[Dataset excerpts]

--*--

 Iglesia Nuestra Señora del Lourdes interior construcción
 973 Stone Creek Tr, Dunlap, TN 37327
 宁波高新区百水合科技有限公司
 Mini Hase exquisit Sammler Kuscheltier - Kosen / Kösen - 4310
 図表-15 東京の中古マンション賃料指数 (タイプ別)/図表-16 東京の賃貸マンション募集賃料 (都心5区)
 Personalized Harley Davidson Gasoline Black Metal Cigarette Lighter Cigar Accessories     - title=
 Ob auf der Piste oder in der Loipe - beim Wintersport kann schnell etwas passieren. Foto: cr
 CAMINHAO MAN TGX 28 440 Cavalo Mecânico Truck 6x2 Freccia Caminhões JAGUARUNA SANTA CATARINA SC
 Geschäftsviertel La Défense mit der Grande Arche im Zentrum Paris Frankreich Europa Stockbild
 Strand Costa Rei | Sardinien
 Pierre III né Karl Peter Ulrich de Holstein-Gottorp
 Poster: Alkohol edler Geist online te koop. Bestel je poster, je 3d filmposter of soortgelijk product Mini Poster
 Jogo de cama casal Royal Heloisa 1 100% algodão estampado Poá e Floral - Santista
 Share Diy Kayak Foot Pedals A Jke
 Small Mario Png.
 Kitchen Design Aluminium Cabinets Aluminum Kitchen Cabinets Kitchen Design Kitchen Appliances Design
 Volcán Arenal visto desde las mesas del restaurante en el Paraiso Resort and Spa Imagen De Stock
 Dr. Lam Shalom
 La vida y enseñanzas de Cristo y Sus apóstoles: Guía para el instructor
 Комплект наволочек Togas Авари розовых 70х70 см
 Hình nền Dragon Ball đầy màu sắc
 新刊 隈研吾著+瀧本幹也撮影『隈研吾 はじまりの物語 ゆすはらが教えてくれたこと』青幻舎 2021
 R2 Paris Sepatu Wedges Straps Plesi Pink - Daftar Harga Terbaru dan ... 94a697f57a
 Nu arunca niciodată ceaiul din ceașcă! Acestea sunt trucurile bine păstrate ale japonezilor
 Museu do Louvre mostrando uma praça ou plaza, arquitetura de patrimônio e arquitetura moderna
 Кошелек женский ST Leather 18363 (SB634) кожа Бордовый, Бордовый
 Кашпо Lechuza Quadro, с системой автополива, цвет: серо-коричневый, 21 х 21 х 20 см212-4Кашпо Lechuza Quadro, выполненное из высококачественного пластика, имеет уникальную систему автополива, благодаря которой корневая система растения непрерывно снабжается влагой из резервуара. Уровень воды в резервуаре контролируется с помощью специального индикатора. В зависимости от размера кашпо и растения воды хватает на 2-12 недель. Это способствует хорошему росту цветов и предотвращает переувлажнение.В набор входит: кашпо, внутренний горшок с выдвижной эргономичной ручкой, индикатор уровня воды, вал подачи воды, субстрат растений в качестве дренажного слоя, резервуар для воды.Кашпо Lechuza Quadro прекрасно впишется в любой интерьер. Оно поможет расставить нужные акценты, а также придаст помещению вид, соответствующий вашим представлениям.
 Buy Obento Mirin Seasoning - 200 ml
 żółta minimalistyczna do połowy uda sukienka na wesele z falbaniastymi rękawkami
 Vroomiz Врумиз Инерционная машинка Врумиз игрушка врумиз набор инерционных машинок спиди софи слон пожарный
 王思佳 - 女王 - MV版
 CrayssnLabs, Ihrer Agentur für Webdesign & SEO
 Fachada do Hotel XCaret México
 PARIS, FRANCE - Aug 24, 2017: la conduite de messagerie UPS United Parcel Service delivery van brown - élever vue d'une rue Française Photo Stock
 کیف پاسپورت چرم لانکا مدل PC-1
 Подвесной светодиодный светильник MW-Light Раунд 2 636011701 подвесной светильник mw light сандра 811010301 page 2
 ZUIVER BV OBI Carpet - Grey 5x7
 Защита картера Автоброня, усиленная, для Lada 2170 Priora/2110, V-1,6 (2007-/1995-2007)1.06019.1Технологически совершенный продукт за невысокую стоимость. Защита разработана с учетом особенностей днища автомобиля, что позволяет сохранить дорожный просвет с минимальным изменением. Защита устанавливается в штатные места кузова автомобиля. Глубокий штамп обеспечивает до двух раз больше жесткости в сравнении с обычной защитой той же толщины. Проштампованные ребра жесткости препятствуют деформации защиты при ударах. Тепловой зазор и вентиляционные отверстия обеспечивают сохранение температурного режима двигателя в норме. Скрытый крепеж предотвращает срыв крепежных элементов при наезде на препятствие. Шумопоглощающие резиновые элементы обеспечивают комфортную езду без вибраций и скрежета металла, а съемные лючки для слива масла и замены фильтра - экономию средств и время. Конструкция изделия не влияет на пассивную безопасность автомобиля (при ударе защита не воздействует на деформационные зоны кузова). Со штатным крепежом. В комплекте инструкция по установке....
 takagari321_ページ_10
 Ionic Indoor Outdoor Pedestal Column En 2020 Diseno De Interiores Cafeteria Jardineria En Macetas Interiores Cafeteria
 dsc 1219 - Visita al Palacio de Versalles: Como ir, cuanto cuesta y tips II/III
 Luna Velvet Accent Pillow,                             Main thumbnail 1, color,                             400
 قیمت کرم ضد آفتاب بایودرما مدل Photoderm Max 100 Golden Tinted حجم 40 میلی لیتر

--*--

**TASK BRIEF:** All that is needed is the opening run of the data, given again exactly: please include every line from the first through the line with "CAMINHAO MAN TGX", both ends kept.

**YOUR RESPONSE:**
 Iglesia Nuestra Señora del Lourdes interior construcción
 973 Stone Creek Tr, Dunlap, TN 37327
 宁波高新区百水合科技有限公司
 Mini Hase exquisit Sammler Kuscheltier - Kosen / Kösen - 4310
 図表-15 東京の中古マンション賃料指数 (タイプ別)/図表-16 東京の賃貸マンション募集賃料 (都心5区)
 Personalized Harley Davidson Gasoline Black Metal Cigarette Lighter Cigar Accessories     - title=
 Ob auf der Piste oder in der Loipe - beim Wintersport kann schnell etwas passieren. Foto: cr
 CAMINHAO MAN TGX 28 440 Cavalo Mecânico Truck 6x2 Freccia Caminhões JAGUARUNA SANTA CATARINA SC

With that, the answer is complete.